If you believe the inspirational messages of positive thinkers,
then whose fault is it if you don't march upward from highs to
higher highs? What do we conclude when our marriages turn out
to be less than we romanticized, when we are less successful than
we dreamed?
At
such times, we have only ourselves to blame. When the dream collapses,
the biggest dreamers often fall the hardest. Limitless optimism
breeds endless frustrations.
The
recipe for well-being, then, requires neither positive nor negative
thinking alone, but a mix of ample optimism to provide hope, a
dash of pessimism to prevent complacency, and enough realism to
discriminate those things we can control from those we cannot.
III:
Extroversion: Happy People Are Outgoing
In
study after study, extroverts--social, outgoing people--report
greater happiness and satisfaction with life. The explanation
seems partly temperamental. "Extroverts are simply more cheerful
and high-spirited," report National Institute of Aging researchers
Paul Costa and Robert McCrae. Self-assured people who walk into
a room full of strangers and warmly introduce themselves may also
be more accepting of themselves. Liking themselves, they are confident
that others will like them, too.
Such
attitudes tend also to be self-fulfilling, leading extroverts
to experience more positive events. When University of Illinois
researchers Ed Diener and Keith Magnus studied students at the
undergraduate level and then again four years later as alumni,
they found that life had treated extroverts more kindly. Compared
to introverts, extroverts were more likely to have gotten married,
found good jobs, and made new, close friends.
Extroverted
people are more involved with others. They have a larger circle
of friends and they more often engage in rewarding social activities.
They experience more affection and enjoy greater social support--an
important wellspring of well-being.
IV:
Personal Control: Happy People Believe They Choose Their Destinies
Summarizing
the University of Michigan's nationwide surveys, researcher Angus
Campbell commented that "having a strong sense of controlling
one's life is a more dependable predictor of positive feelings
of well-being than any of the objective conditions of life we
have considered." And the 15 percent of Americans who feel
in control of their lives and feel satisfied with themselves have
"extraordinarily positive feelings of happiness."
Consider
your own sense of personal control. Would you agree with the statement
that "I don't have enough control over the direction my life
is taking" or that "What happens to me is my own doing"?

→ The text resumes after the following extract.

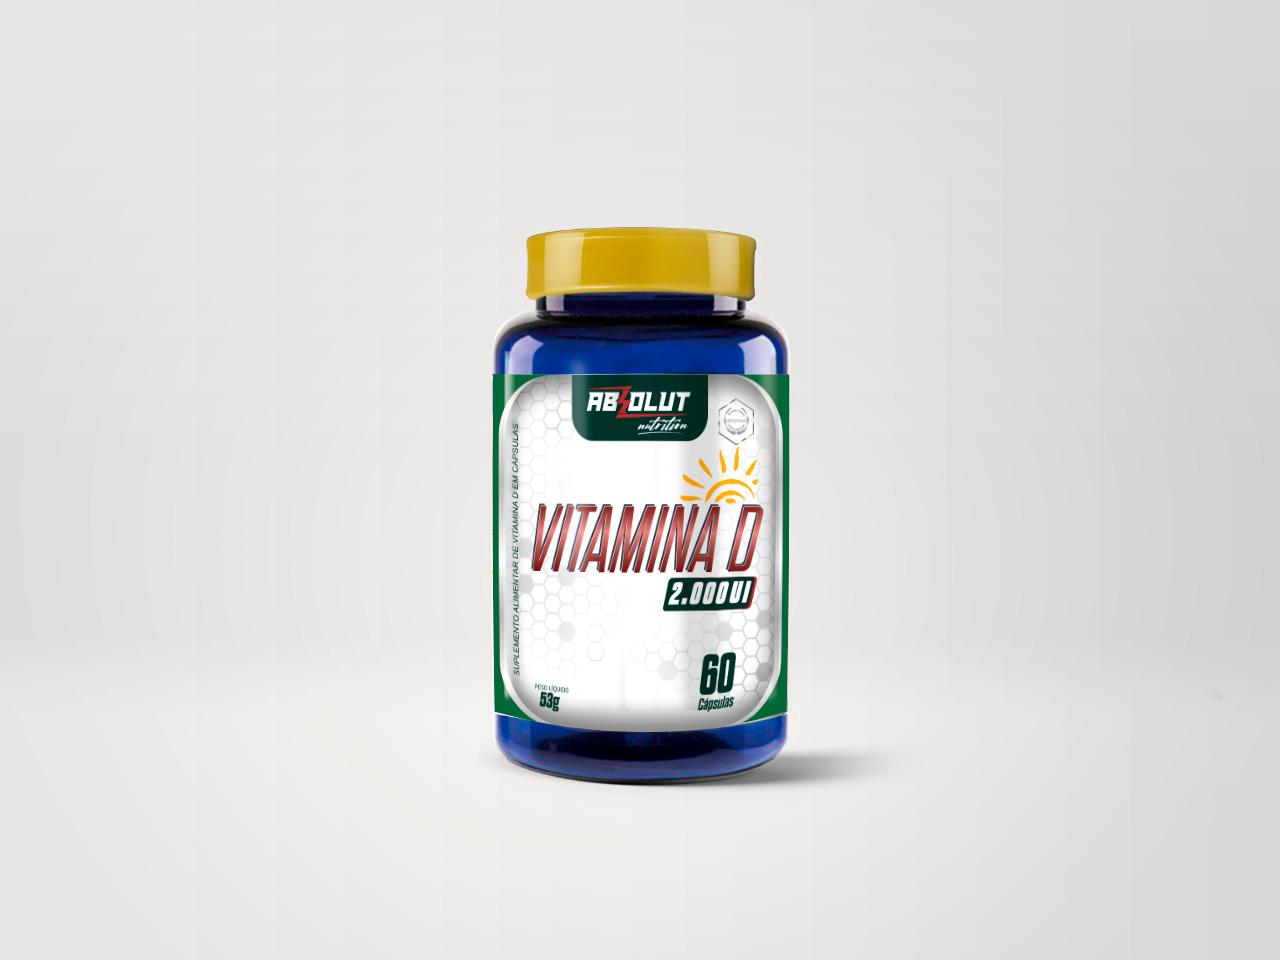 Vitamina D - 60 caps - Absolut Nutrition

That "The world is run by a few powerful people" or
that "The average person can influence government decisions"?
Those whose responses to such statements reveal an "internal
locus of control" typically achieve more in school, cope
better with stress, and live more happily.
Increasing
people's control can noticeably improve their health and morale
as well. One study by Yale psychologist Judith Rodin encouraged
nursing-home patients to exert more control--to make choices about
their environment and to influence policy. As a result, 93 percent
became more alert, active, and happy. Similar results have been
observed after allowing prisoners to move chairs and control the
lights and TV, and after enabling workers to participate in decision
making.
Happy,
too, are those who gain the sense of control that comes with effective
management of one's time. Unoccupied time, especially for out-of-work
people who aren't able to plan and fill their time, is unsatisfying.
Sleeping late, hanging out, and watching TV leave an empty feeling.
For happy people, time is "filled and planned; they are punctual
and efficient," says Oxford University psychologist Michael
Argyle. "For unhappy people, time is unfilled, open, and
uncommitted; they postpone things and are inefficient."
Establishing
pre-set deadlines for oneself--and then meeting them--can lead
to the delicious, confident feeling of personal control.
Finally:
How To Be Happy
It's
easily enough said that happiness comes with having positive self-esteem,
feeling in control of our lives, and having optimistic, outgoing
dispositions, but how can we strengthen such traits? If we wish
we were happier, can we somehow become more positive, inner-directed,
confident, and extroverted? Just how malleable are we?
Well-meaning
advice to "be more outgoing" or to "have a more
cheerful outlook" can burden us with the responsibility to
choose our basic temperament. More than such advice-givers realize,
we bring our basic dispositions with us into the world.
More
and more studies show that our basic personality traits endure,
especially after childhood. While developmental psychologists
are sometimes surprised by how often troubled, unhappy children
mature into competent, successful adults, there is nonetheless
an underlying consistency to personality. After the end of the
teen years, traits such as outgoingness, emotional stability,
openness, agreeableness, and conscientiousness seem to persist
throughout adulthood.
But
it's also true that we have the power to affect our own destinies,
for we are the creators as well as the creatures of our social
worlds. We may be the products of our past, but we are also the
architects of our future. Personality isn't programmed like eye
color. The predispositions we bring with us into the world leave
room for nurture's influence, and our own efforts as well. What
we do today shapes our world and ourselves tomorrow.
If
social psychologists have proven anything during the last 30 years,
they have proven that the actions we take leave a residue inside
us. Every time we act, we amplify the underlying idea or tendency
behind it. Most people presume the reverse: that our traits and
attitudes affect our behavior. While this is true to a certain
extent (though less so than commonly supposed), it is also true
that our traits and attitudes follow our behavior. We are as likely
to act ourselves into a new way of thinking as to think ourselves
into a new way of acting.
There
is a practical moral here for us all. Do we wish to change ourselves
in some important way? Perhaps boost our self-esteem? Become more
optimistic and socially assertive? Well, a potent strategy is
to get up and start doing that very thing. Don't worry that you
don't feel like it. Fake it. Pretend self-esteem. Feign optimism.
Simulate outgoingness.
In
experiments, people have been asked to write essays or present
themselves to an interviewer in either self-enhancing or selfdeprecating
ways. Those who act as if they are exceptionally intelligent,
caring, and sensitive people later express higher self-esteem
when privately describing themselves to a different researcher.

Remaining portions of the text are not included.